Her brother Joseph Rytmann owned several cinemas in Paris.

==Resistance activities==
During the German occupation of France, Rytmann refused to wear the yellow star mandated by the Nazis and instead joined the French resistance. As a militant, she was a comrade of Jean Beaufret and was affiliated with the "Pericles" division of the French resistance. She joined the French Communist Party, but was later expelled for "Trotskyist deviation" and "crimes". It was alleged that she had participated in summary executions of former Nazi collaborators in Lyon. The same charges were made when she was expelled from the Mouvement de la Paix in 1950. These allegations remain unproven to this day. Hélène Rytmann is also sometimes known as Hélène Legotien or Hélène Legotien-Rytmann because her cover name during the French Resistance was "Legotien", a name she continued to use.

==Murder==
On 16 November 1980, Rytmann was murdered by her husband by strangulation at their apartment at the École normale supérieure. Her husband crushed her larynx and killed her. The murder was never thoroughly investigated. In January 1981, Althusser was deemed unfit to serve trial under Article 64 of the French penal code, with Althusser claiming "diminished responsibility" due to mental illness.

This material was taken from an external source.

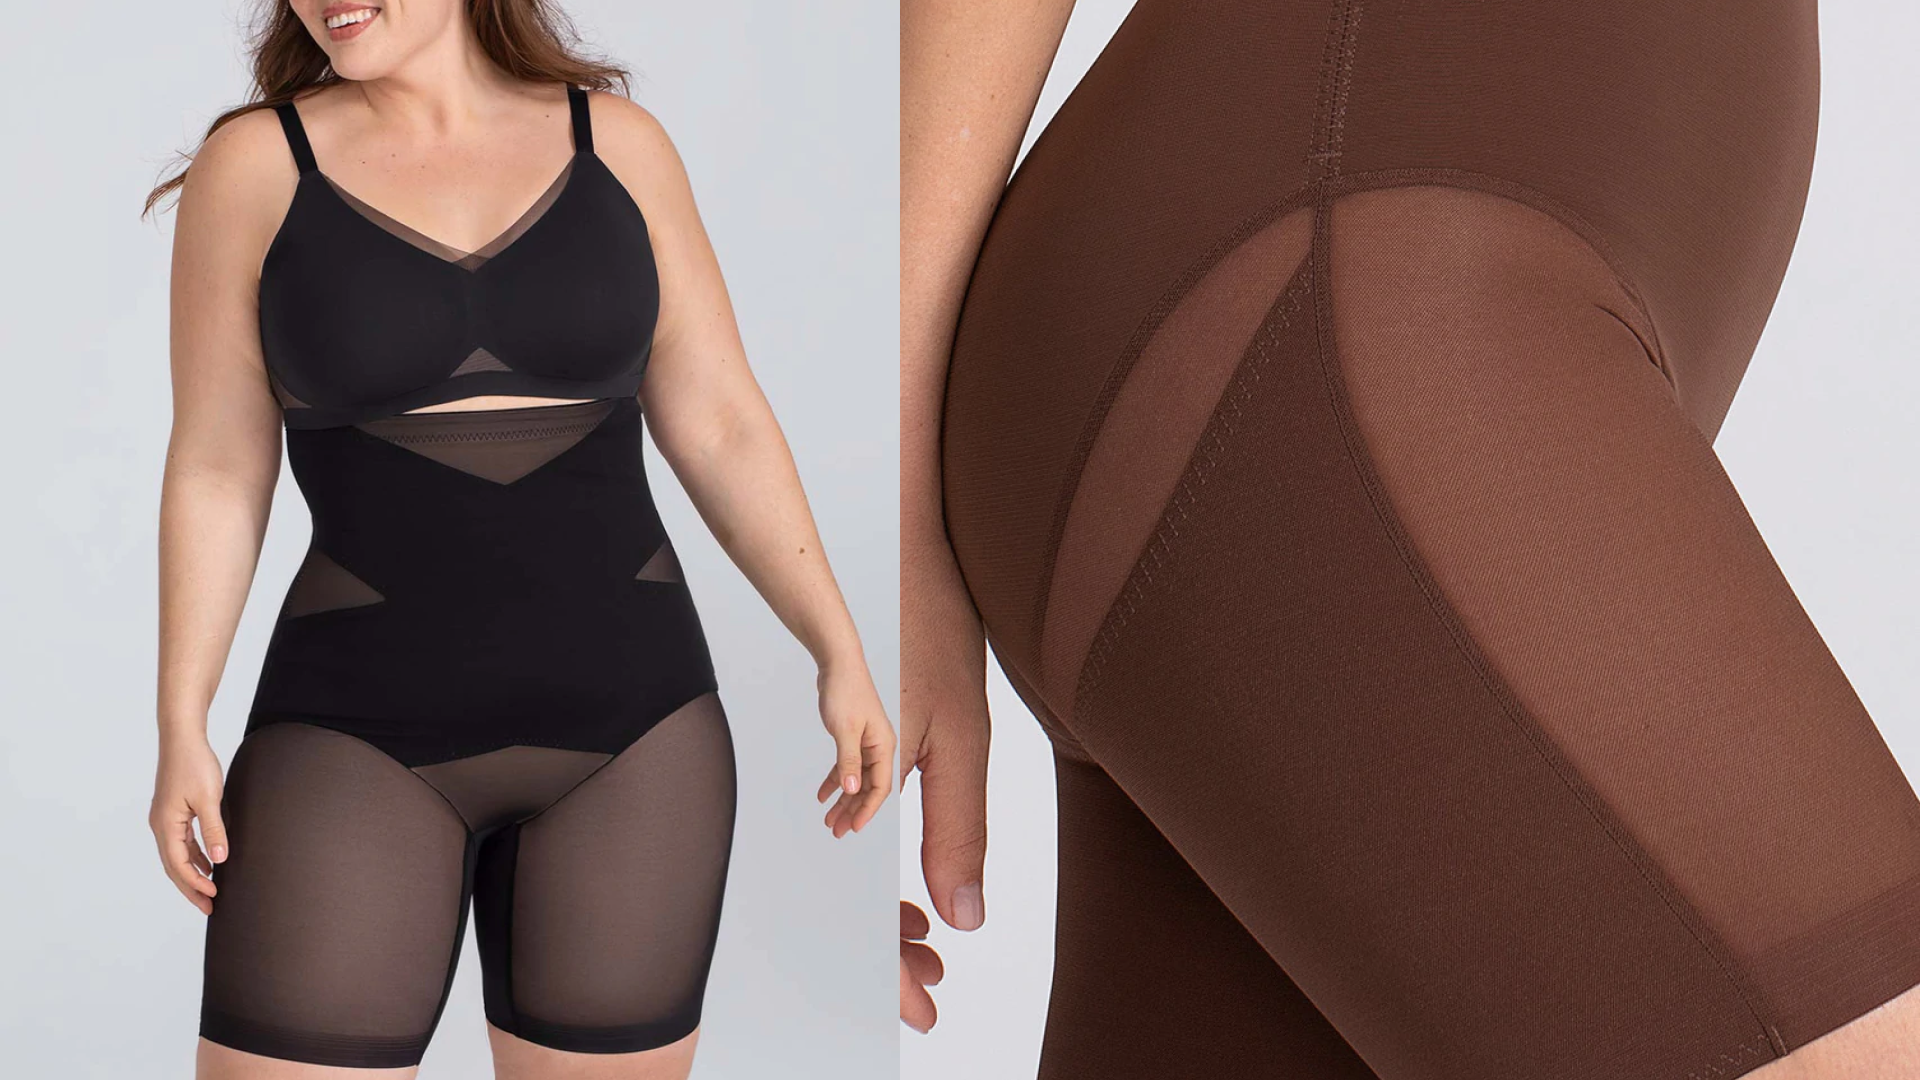 Sick of shapewear? Time to slip into the Comfort Smoothing

Rytmann is buried in the Jewish section of Cimetière parisien de Bagneux in Paris.

==Legacy==
John Banville's 2002 novel Shroud was partly inspired by the scandal of Rytmann's murder.

The Forward has cited Rytmann as an example of an historically important Jewish woman who had "changed France" and that it was "high time that Hélène Rytmann be remembered with dignity as an individual" for her role in the French Resistance.

==Bibliography==
- Althusser, Louis; Althusser, Hélène; Corpet, Olivier. Lettres à Hélène : 1947–1980, Grasset, Paris, 2011.